■ **Requirement**
Nothing but an exact repeat of the data, with pictures removed, belongs in the answer.

■ **Source data**
★ ★ ★ ★

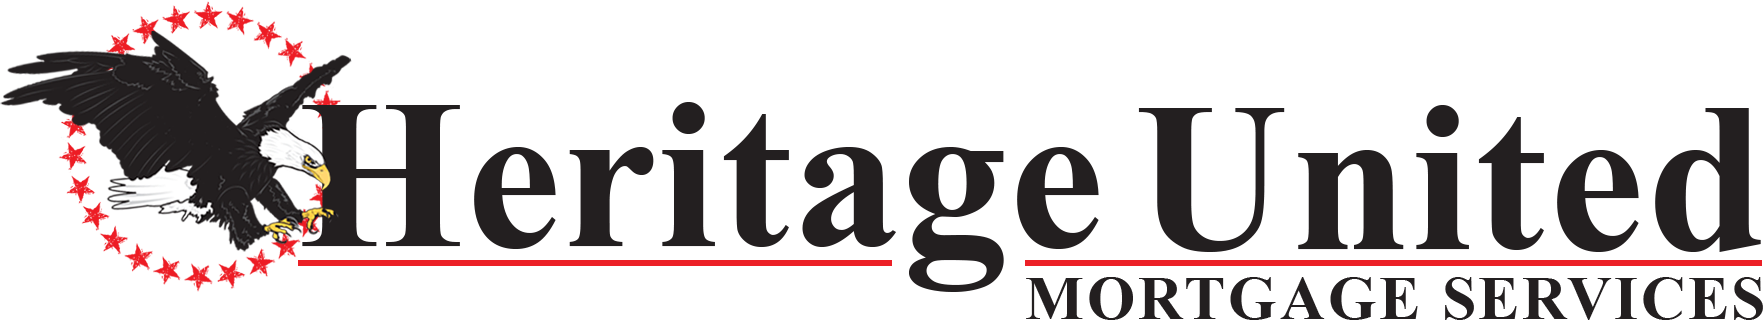 black-heritage-united-mortgage-logo-horizontal (2)
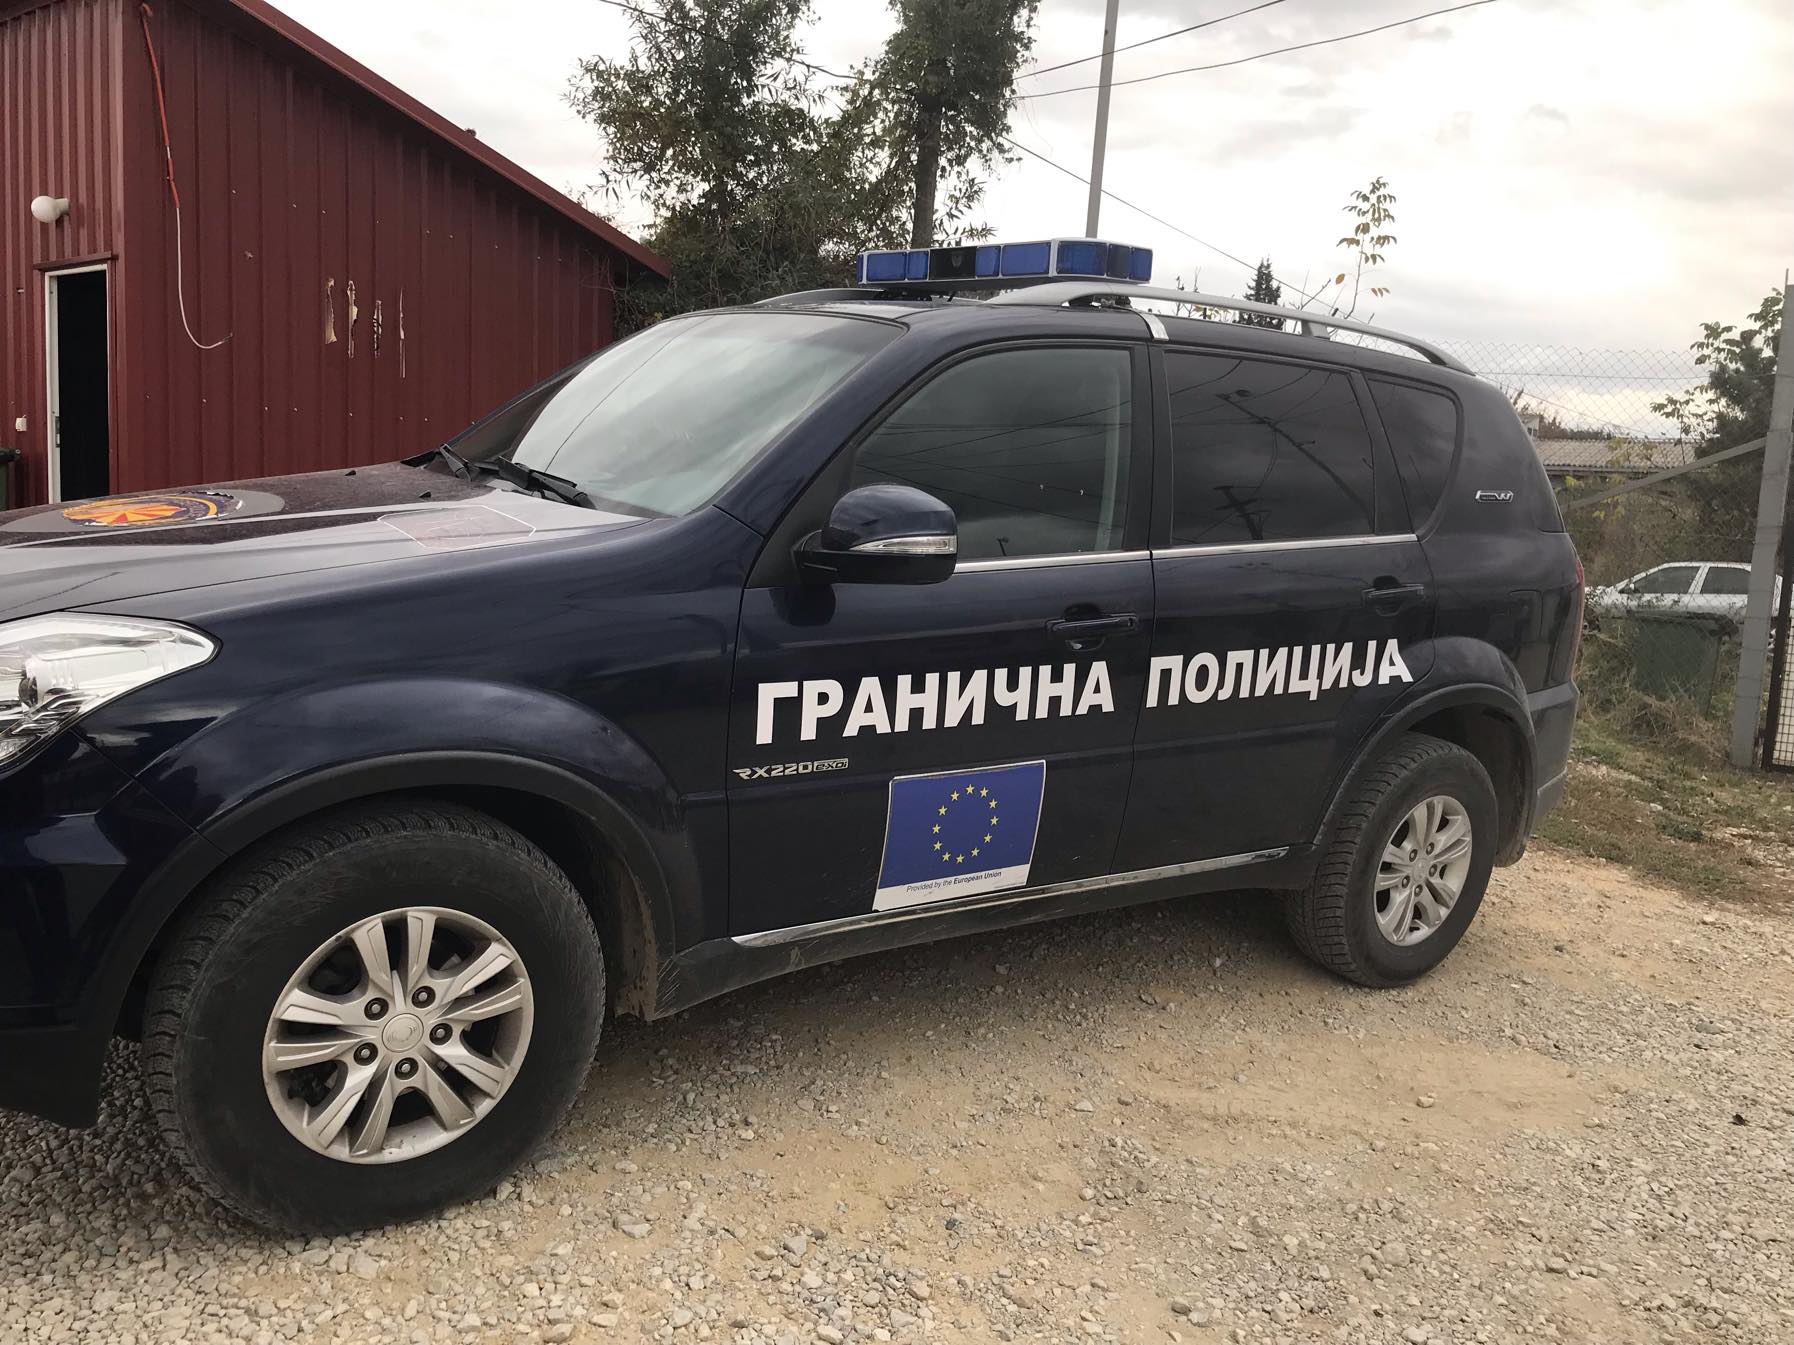 Carinici S. Makedonije sprečili šverc pet kilograma zlata u vozilu sa srpskim tablicama 1
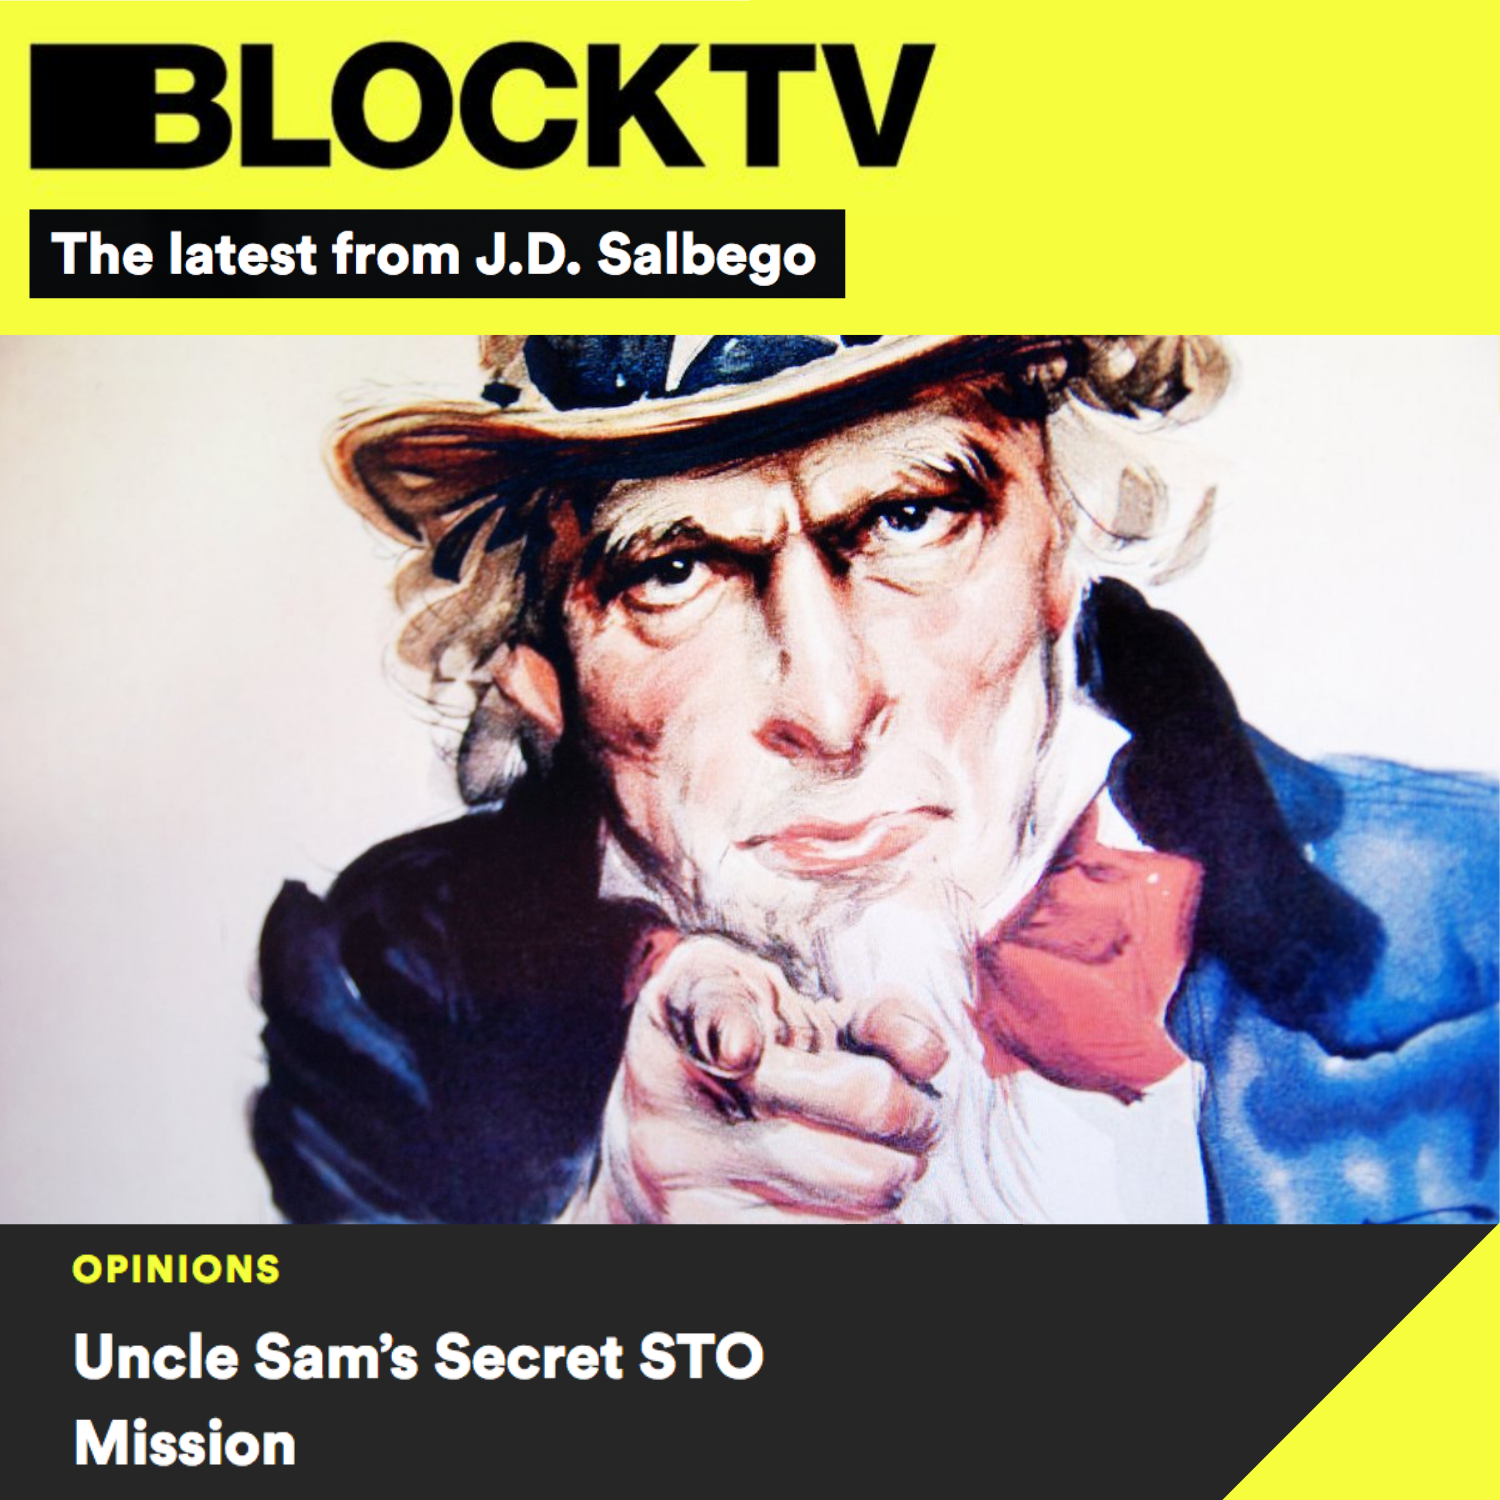 J.D. Salbego STO Article on BlockTV

★ ★ ★ ★

■ **Response**
 black-heritage-united-mortgage-logo-horizontal (2)
 Carinici S. Makedonije sprečili šverc pet kilograma zlata u vozilu sa srpskim tablicama 1
 J.D. Salbego STO Article on BlockTV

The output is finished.